Rotary Embeddings & RMSNorm
Root Mean Square Layer Normalization (RMSNorm)
In the Gemma architecture, standard Layer Normalization is replaced by RMSNorm. This variant scales the input based on the root mean square of the activations, providing computational efficiency and training stability.
GemmaRMSNorm
The GemmaRMSNorm class implements the normalization used throughout the text-processing layers of the model.
Usage
from modeling_gemma import GemmaRMSNorm
# Initialize for a specific hidden dimension
norm = GemmaRMSNorm(dim=2048, eps=1e-6)
# Apply to hidden states
normalized_states = norm(hidden_states)
API Reference
| Parameter | Type | Description |
| :--- | :--- | :--- |
| dim | int | The dimension of the input tensor (usually hidden_size). |
| eps | float | A small value added to the denominator to prevent division by zero. Defaults to 1e-6. |
Input:
x(torch.Tensor): The input hidden states to be normalized.
Output:
torch.Tensor: Normalized tensor of the same shape and type as the input.

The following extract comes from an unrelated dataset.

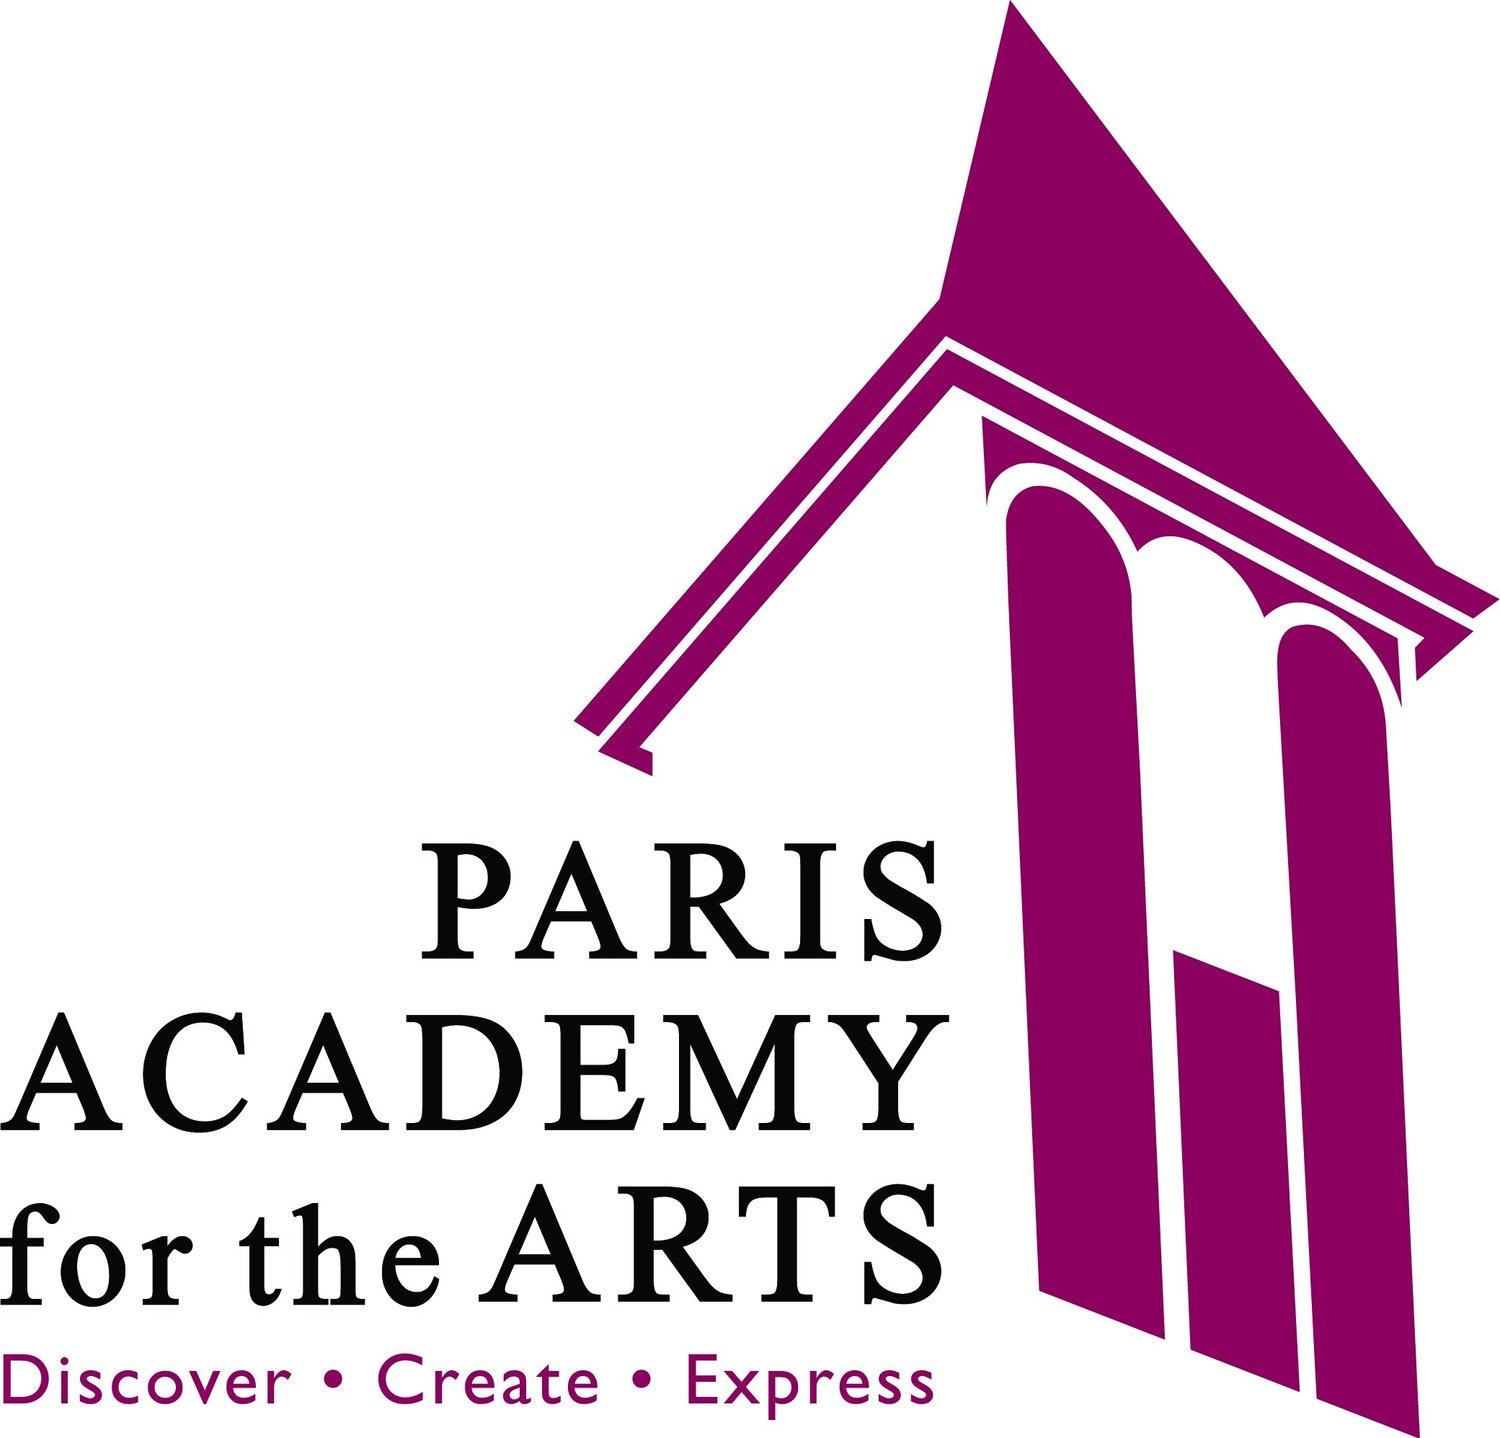 Paris Academy for the Arts

Rotary Positional Embeddings (RoPE)
Gemma utilizes Rotary Positional Embeddings (RoPE) to incorporate positional information into the model. Unlike traditional additive positional embeddings, RoPE applies a rotation to the Query (Q) and Key (K) representations in the attention mechanism, allowing the model to better capture relative distances between tokens.
GemmaRotaryEmbedding
The GemmaRotaryEmbedding class manages the calculation of the rotation frequencies based on the sequence length and embedding dimensions.
Usage
from modeling_gemma import GemmaRotaryEmbedding
# Initialize with head dimension and base
rope = GemmaRotaryEmbedding(
dim=256,
max_position_embeddings=8192,
base=10000.0
)
# Generate frequency components for specific positions
# Position IDs typically range from 0 to current_seq_len
cos, sin = rope(hidden_states, position_ids)
API Reference
| Parameter | Type | Description |
| :--- | :--- | :--- |
| dim | int | The dimension of the attention heads (head_dim). |
| max_position_embeddings | int | The maximum sequence length supported. |
| base | float | The base value for calculating the rotation frequencies (theta). Defaults to 10000.0. |
Input/Output
Forward Input:
x(torch.Tensor): The input states, used primarily to determine the current device and data type.position_ids(torch.LongTensor): The indices representing the position of each token in the sequence.
Forward Output:
Tuple[torch.Tensor, torch.Tensor]: Returns two tensors,cosandsin, which are applied to the Query and Key states within the attention layer.
Integration Note
While GemmaRotaryEmbedding is an internal component of the attention mechanism, its behavior is governed by the GemmaConfig. You can control its properties by adjusting rope_theta and head_dim in your model configuration.